Dass sich dergleichen Mini-Statistiken – a) über die Jahre hinweg rekrutierte der innere Kreis der Gruppe 15 Beiträger aus dem angloamerikanischen Raum, hingegen nur 5 aus Frankreich und der französischen Schweiz; b) neben gesamthaft 79 Literaturwissenschaftlern (unter ihnen 9 Anglisten, 30 Germanisten, 8 Klassische Philologen, 5 Komparatisten, 20 Romanisten und 7 Slawisten) trugen 6 Linguisten und Semiotiker, 29 Philosophen, 4 Theologen, 7 Historiker, 8 Kunsthistoriker, ein Ägyptologe, 4 Musikologen, 2 Film-und Medienwissenschaftler, 6 Soziologen, 4 Rechts-wissenschaftler, 3 Psychologen und im Untersuchungszusammenhang des letzten Bandes auch ein Biophysiker zu Poetik und Hermeneutik bei – nunmehr ohne den Aufwand einer Durchmusterung der Inhaltsverzeichnisse aller 17 Bande erheben lassen, ist dem Anhang der von Petra Boden und Rüdiger Zill mit Kompetenz und Umsicht besorgten Interviewsammlung zu verdanken. Sie enthält eine von Viola Vollm zusammengestellte Gesamtbibliographie (547–608), die neben den band-und seitenweise nachgewiesenen Beiträgen der Beteiligten auch deren Fachzugehörigkeiten verzeichnet (hingegen leider nicht ihre Lebensdaten, was eine rasche übersicht über die Generationskohorten des Unternehmens und entsprechende Anteilsverhältnisse ermöglicht hätte).

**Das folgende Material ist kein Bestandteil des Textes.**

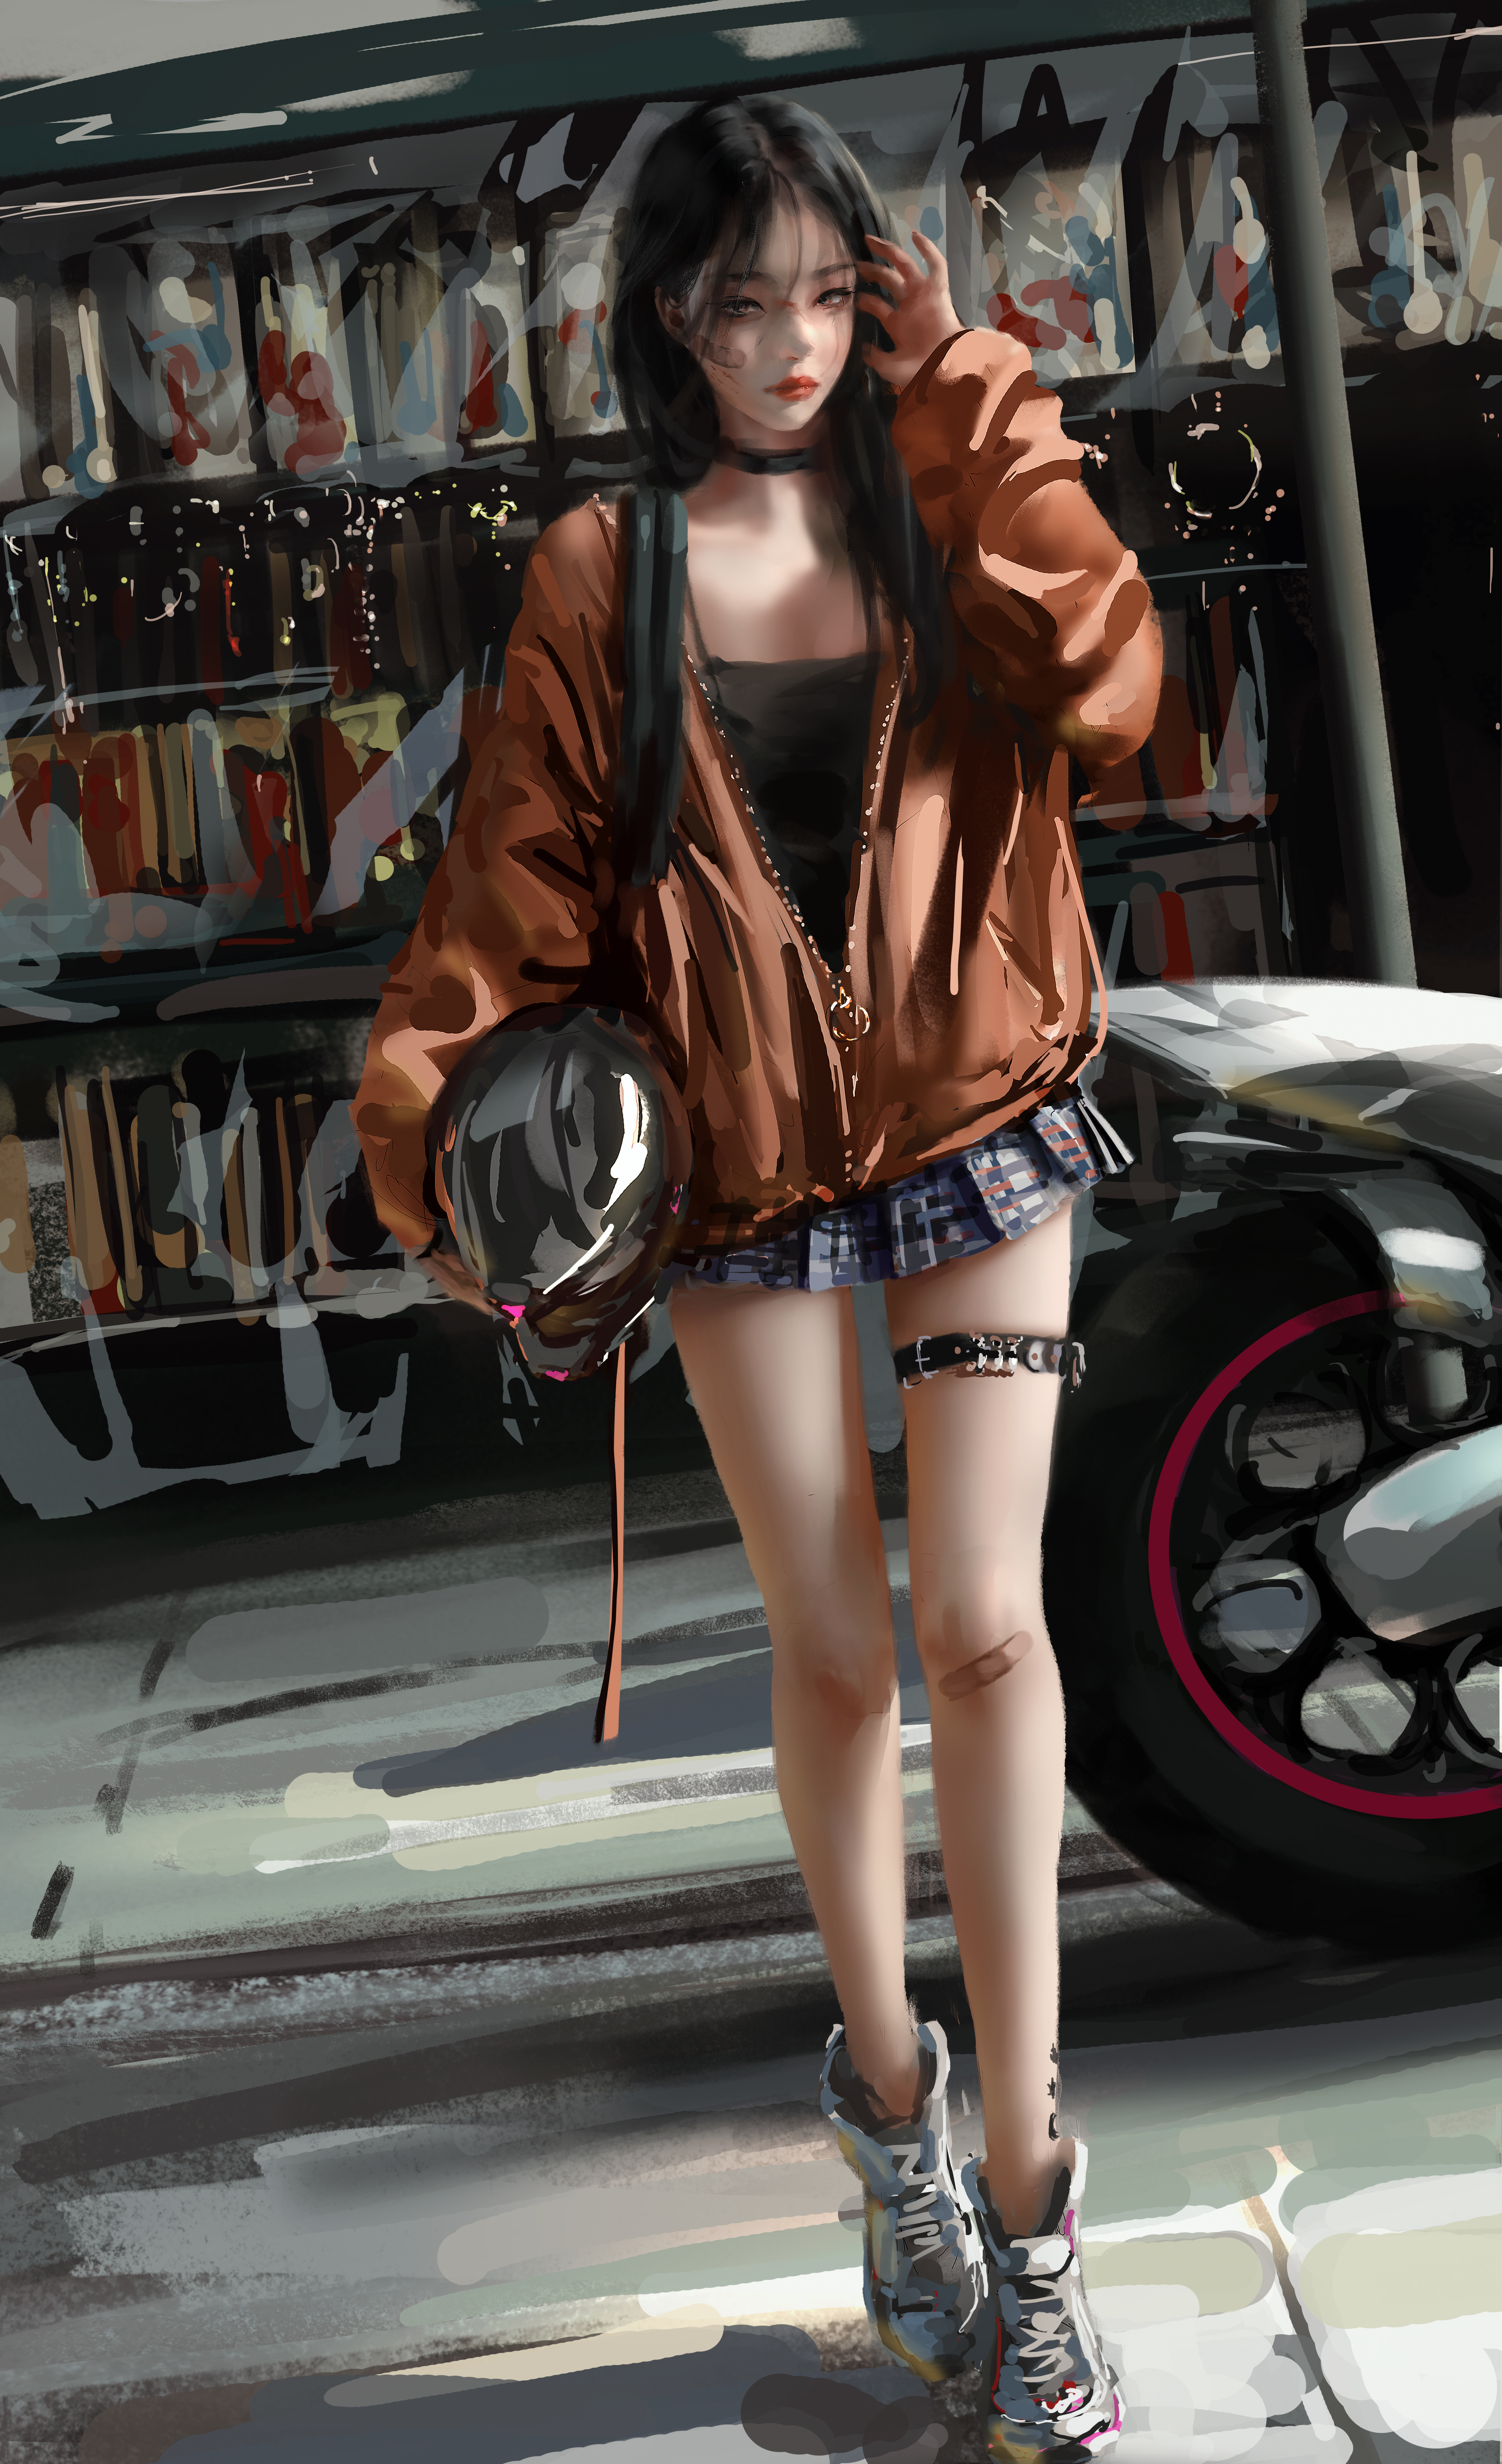 Realistic WLOP Asian Black Hair Helmet Motorcycle Women Artwork 5000x8200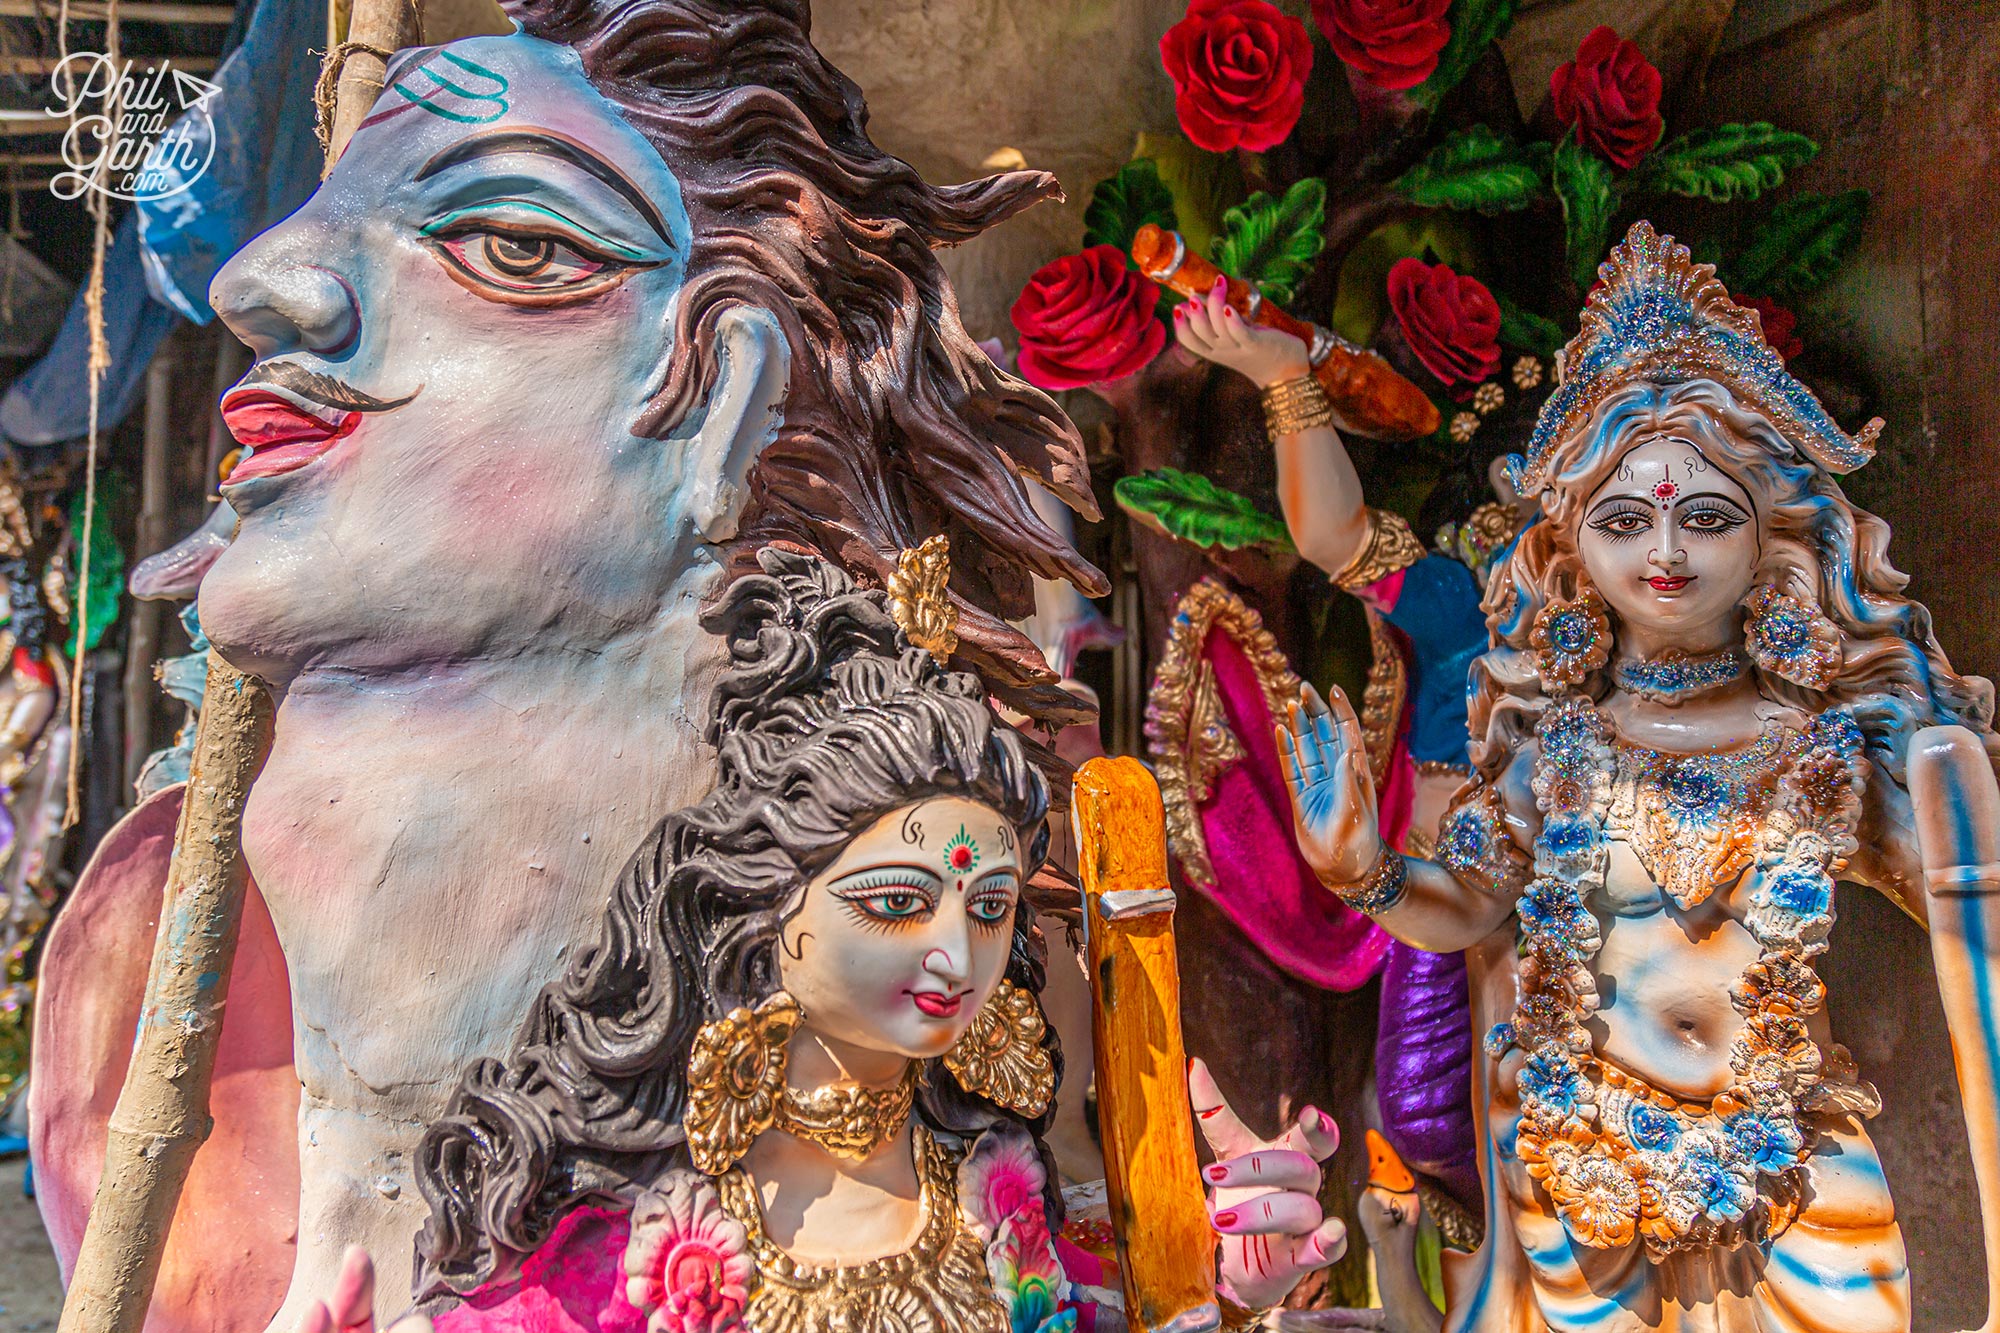 Kolkata's Kumartuli craft neighbourhood is famous for making clay statues of gods and goddesses

Hohen Gebrauchswert gewinnt der Anhang des Bandes zudem durch die erstmalige Veröffentlichung der noch erhaltenen Exposés der Kolloquien – es sind die der Bände II, III und V–XVII (463–546). Mal mehr, mal weniger elaboriert, umreißen sie die Gegenstandskomplexe, Problemzusammenhänge und Forschungsfragen, zu deren Erörterung die für das jeweilige Kolloquium verantwortlichen Gruppenmitglieder disziplinübergreifend einluden. Wer unter den Ausersehenen war, erhielt also nicht nur ein freundliches Schreiben, vielmehr ein thematisch und heuristisch orientierendes Briefing, dessen Hinweise aus der je eigenen Fach-und Forschungskompetenz aufzunehmen und fruchtbar zu machen waren.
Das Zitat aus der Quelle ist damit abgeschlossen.